North Korea-linked threat actor UNC1069 is running a highly targeted campaign that abuses fake Zoom, Google Meet, and Microsoft Teams meetings to compromise cryptocurrency and Web3 professionals across Windows, macOS, and Linux systems.
The goal is long-term access and large-scale theft of digital assets through stealthy social engineering and multi-stage malware deployment.
Attackers often hijack legitimate accounts, continue existing conversations, and then schedule “due diligence” or “partnership” calls using services such as Calendly to appear trustworthy.
UNC1069, which overlaps with Bluenoroff/CryptoCore, impersonates venture capital firms and well-known investment brands to approach victims on LinkedIn, Telegram, and other messaging platforms.

Victims receive links to fake meeting portals that closely mimic Zoom, Google Meet, or Microsoft Teams, sometimes complete with AI-generated or replayed video footage of earlier victims or impersonated executives to reinforce the illusion of a live business call.
Inside these portals, UNC1069 leverages meeting pretexts such as audio/video problems or missing SDKs to pressure users into running commands or installing supposed updates.
ClickFix-style infection
A core technique in this campaign is a “ClickFix”-style flow in which the victim is instructed, in real time, to open a terminal or an elevated PowerShell window and paste commands provided by the attacker.
On Windows, these commands pull multiple PowerShell scripts that in turn download and execute obfuscated VBScript payloads, modify Windows Defender exclusions, and establish persistence.

On macOS, victims are guided to run terminal commands that retrieve Mach-O downloaders masquerading as Zoom or system components, which then bypass Gatekeeper attributes, apply ad-hoc code signing, and fetch a NukeSped RAT backdoor linked to North Korean operations.
In some cases, a Perl-based downloader replaces the Mach-O first stage but maintains the same pattern of repeated HTTP requests, archive download, quarantine removal, code signing, and automatic launch of a fake “Zoom” application bundle.
The VBS stages align with updated variants of Cabbage RAT (CageyChameleon), featuring process enumeration, Chrome extension discovery likely aimed at crypto wallets, and C2-driven tasking with encoded secondary payloads.
Linux users are not spared: they are instructed to open a terminal and execute scripts that fetch ELF downloaders, which resolve temporary working directories, repeatedly POST to C2 endpoints using curl, and then execute a second-stage ELF RAT sharing configuration, C2 patterns, and decryption logic with the Windows Cabbage variant.
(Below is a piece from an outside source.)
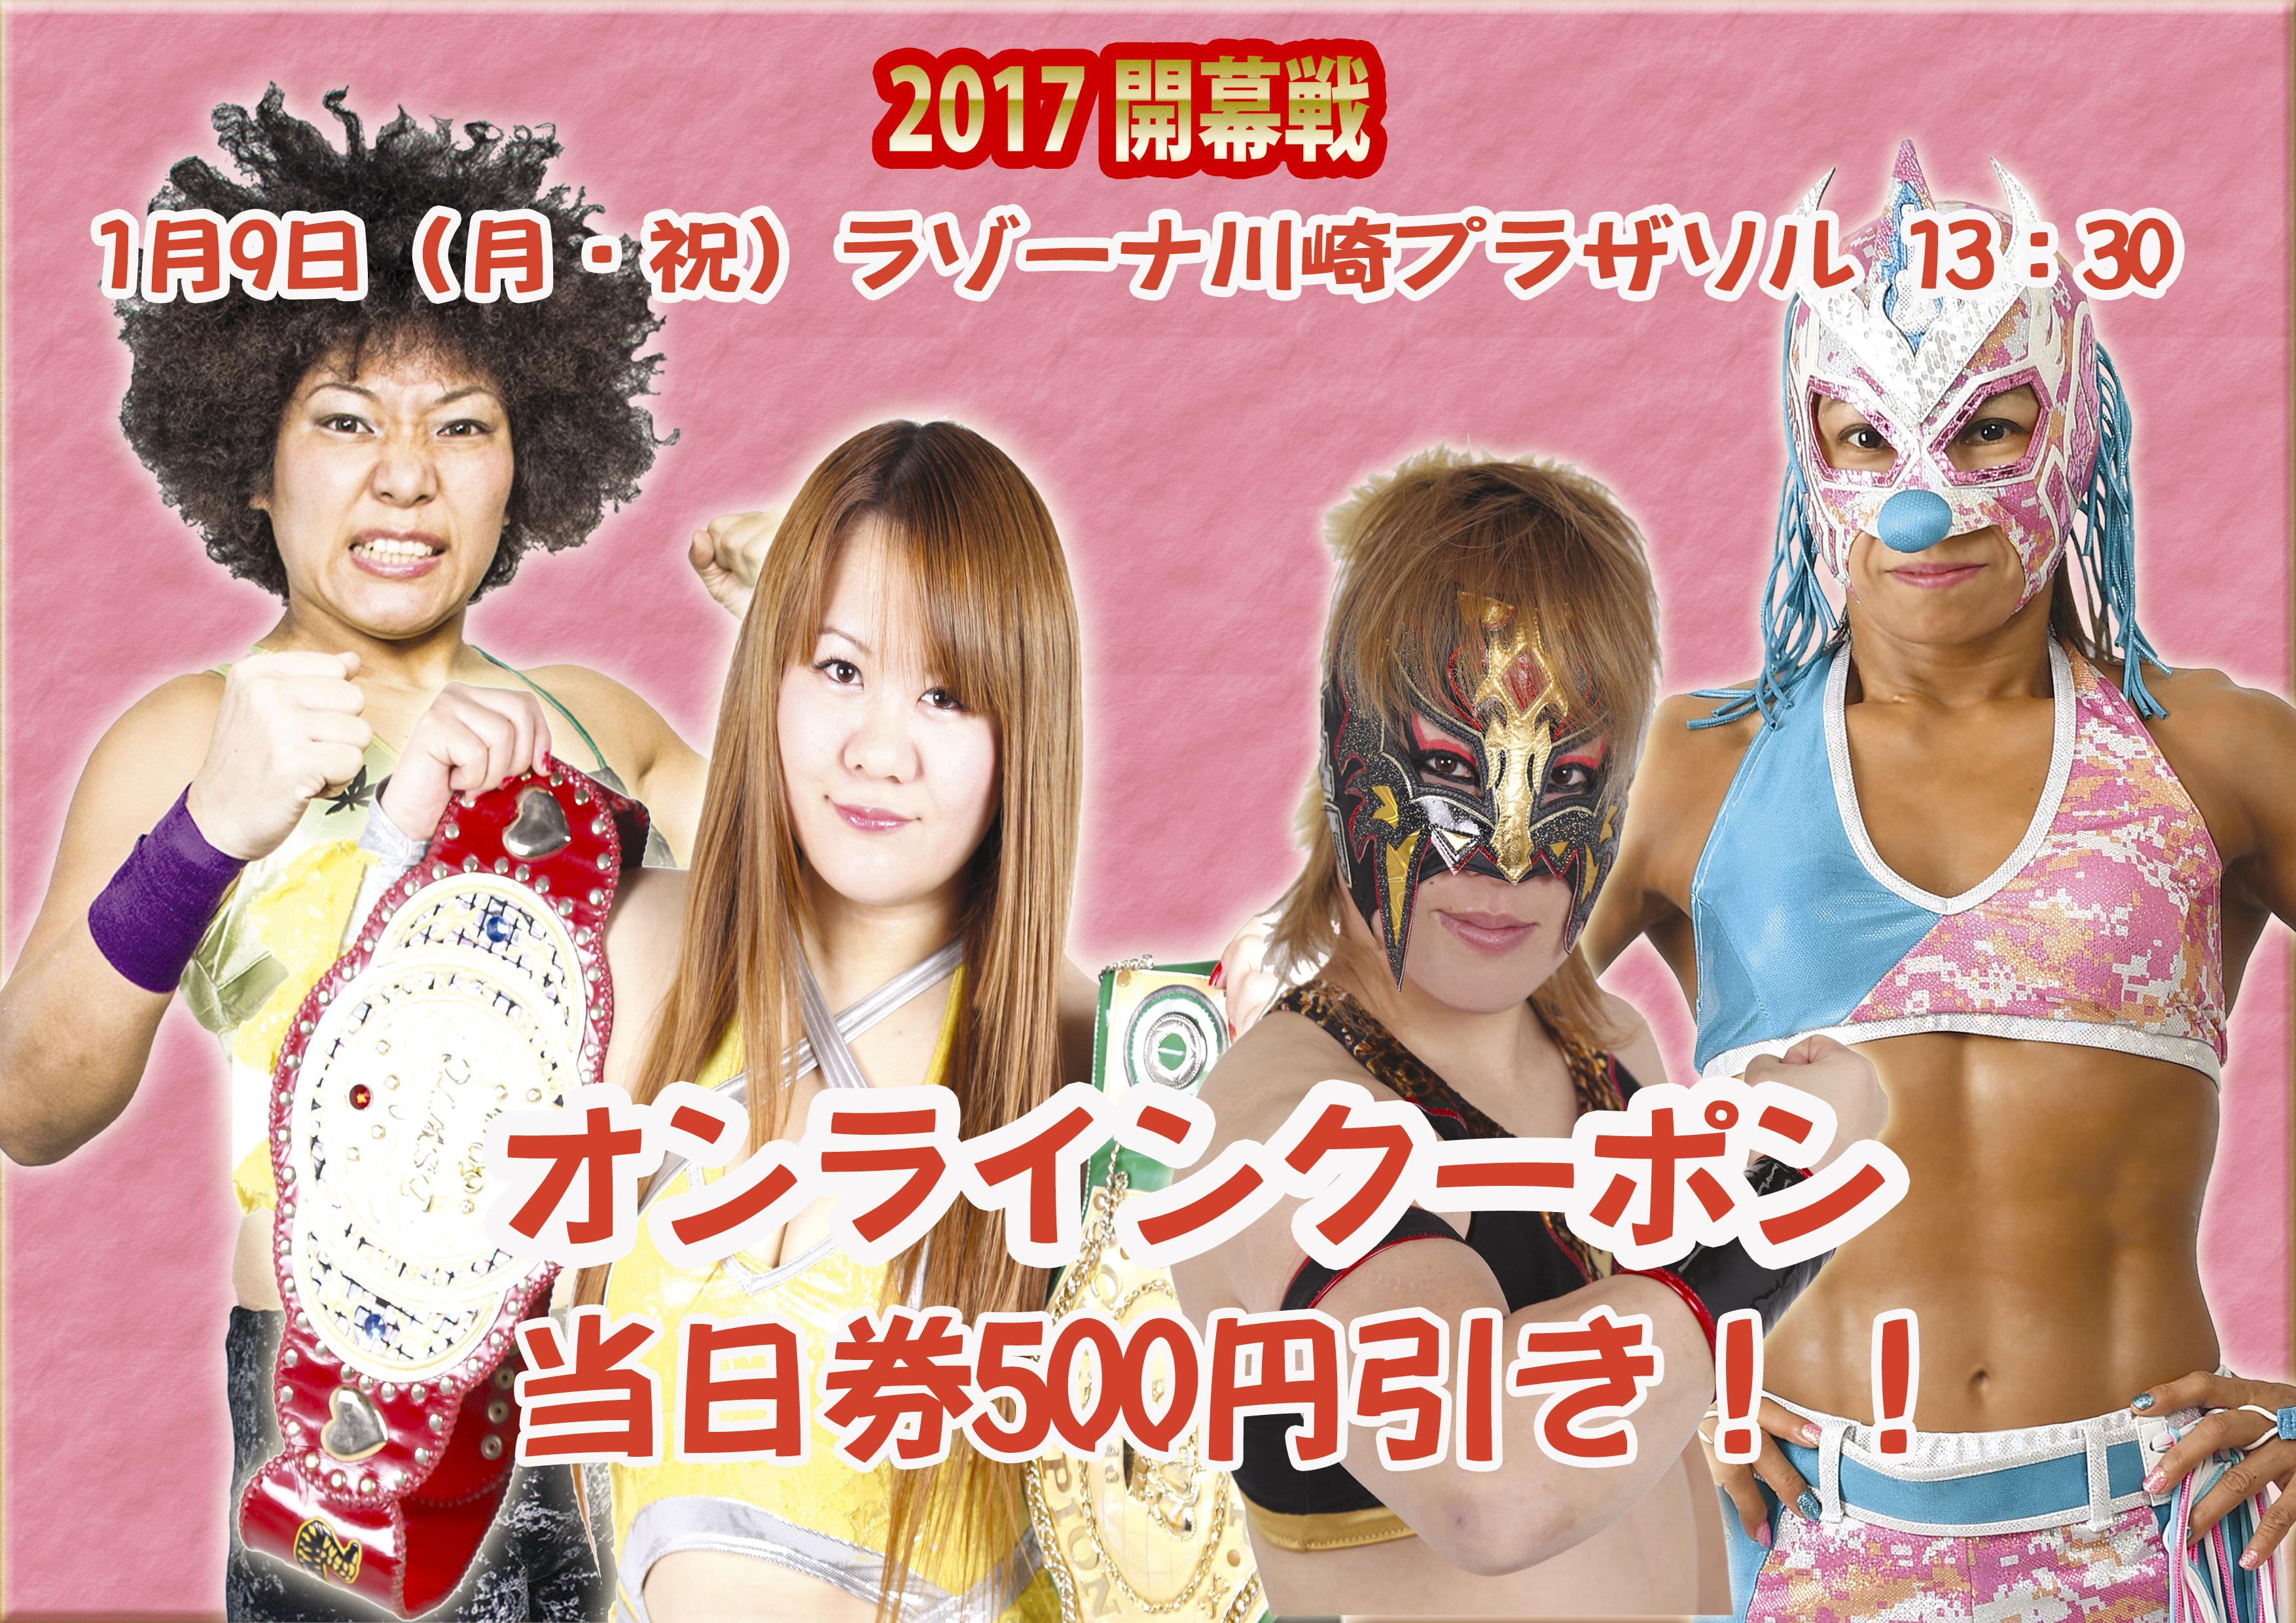 【JWP女子プロレス】1・9(月・祝)2017年開幕戦!大会直前情報・対戦カードみどころ公開!

Beyond malware delivery, UNC1069’s fake meeting portals act as covert surveillance tools. JavaScript on these pages abuses standard browser APIs such as navigator.mediaDevices.getUserMedia and WebRTC/WebSocket signaling to capture microphone and camera streams.
Security researchers note that these video and audio recordings can be replayed in future lures or combined with AI to generate convincing deepfakes, making subsequent social engineering attempts even harder to detect.
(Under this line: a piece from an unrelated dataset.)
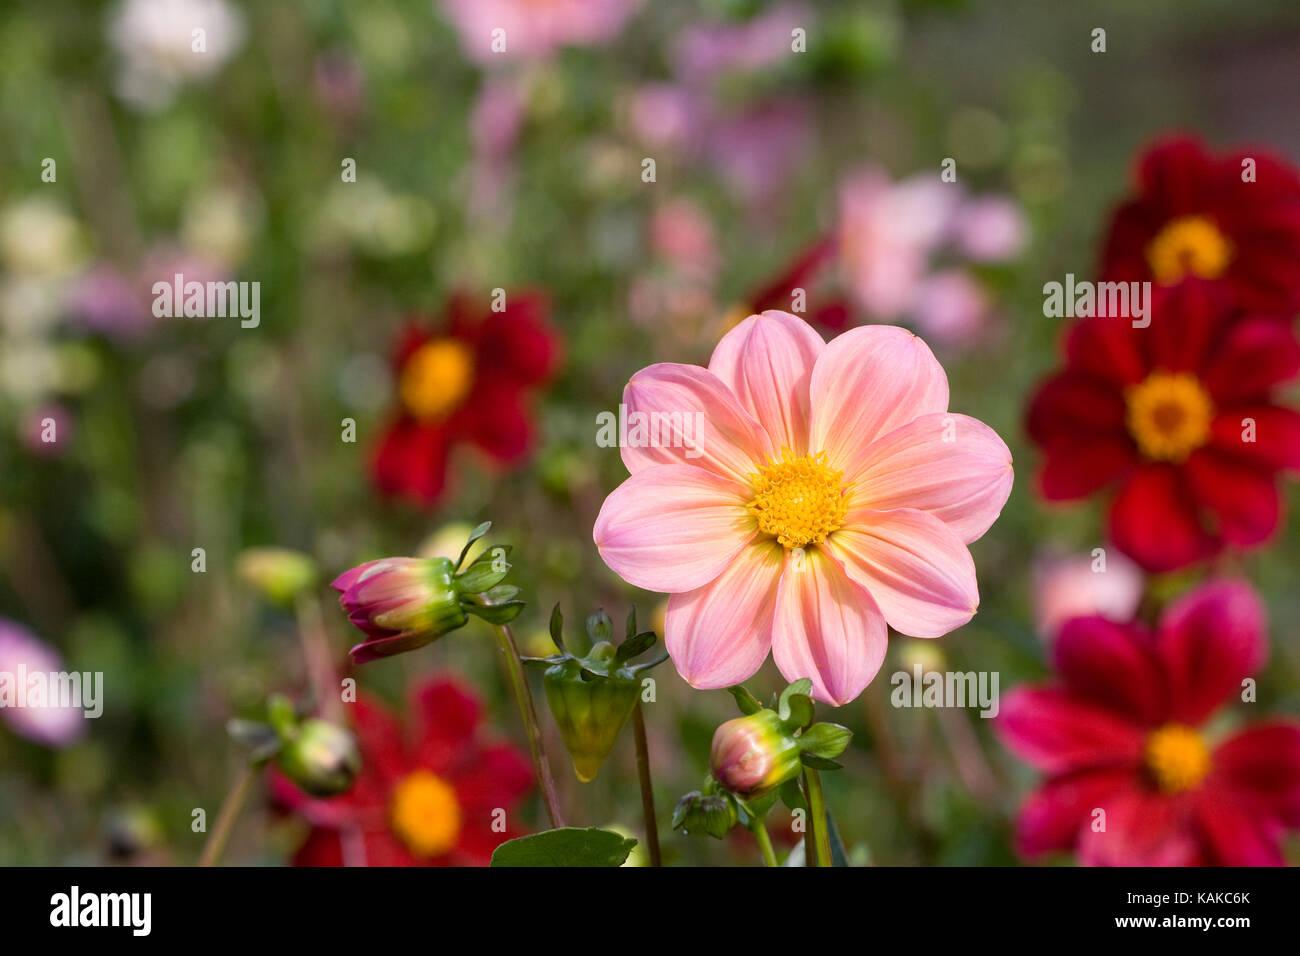 Dahlia 'Rachel de Thame' flowers. - Stock Image

Infrastructure and fake firms at scale
Infrastructure analysis reveals a broad ecosystem of attacker-controlled domains designed to look like meeting platforms and crypto-focused investment entities.
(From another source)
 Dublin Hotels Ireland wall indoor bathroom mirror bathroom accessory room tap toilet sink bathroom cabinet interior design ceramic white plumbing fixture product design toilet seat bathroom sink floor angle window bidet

On Linux systems, victims are instructed to press Ctrl + Alt + T, resulting in opening the terminal, and then they are prompted to paste and execute the commands.

IPs embedded in downloaders have been linked to clusters of lookalike meeting domains and fraudulent venture capital brands, supporting a long-running operation that rotates identities while reusing technical templates and tooling.
Recent work from Google’s threat intelligence and other vendors also connects UNC1069 to supply-chain attacks, such as the compromise of the Axios npm package, showing the group’s willingness to blend social engineering with developer-focused malware distribution to reach high-value crypto targets.
Organizations in the crypto and Web3 ecosystem should treat unsolicited investment outreach and “urgent” meeting requests as high risk, even when they appear to come from known executives or funds.
Concrete defenses include out-of-band verification of counterparties, strict policies forbidding employees from pasting terminal commands or turning off security tools during calls, and monitoring for suspicious PowerShell, curl, and scripting activity originating from collaboration sessions.
Security teams should also track UNC1069-linked infrastructure and Cabbage/NukeSped-related detections, as well as enforce least-privilege access for wallet infrastructure, to limit the blast radius if a user account is compromised.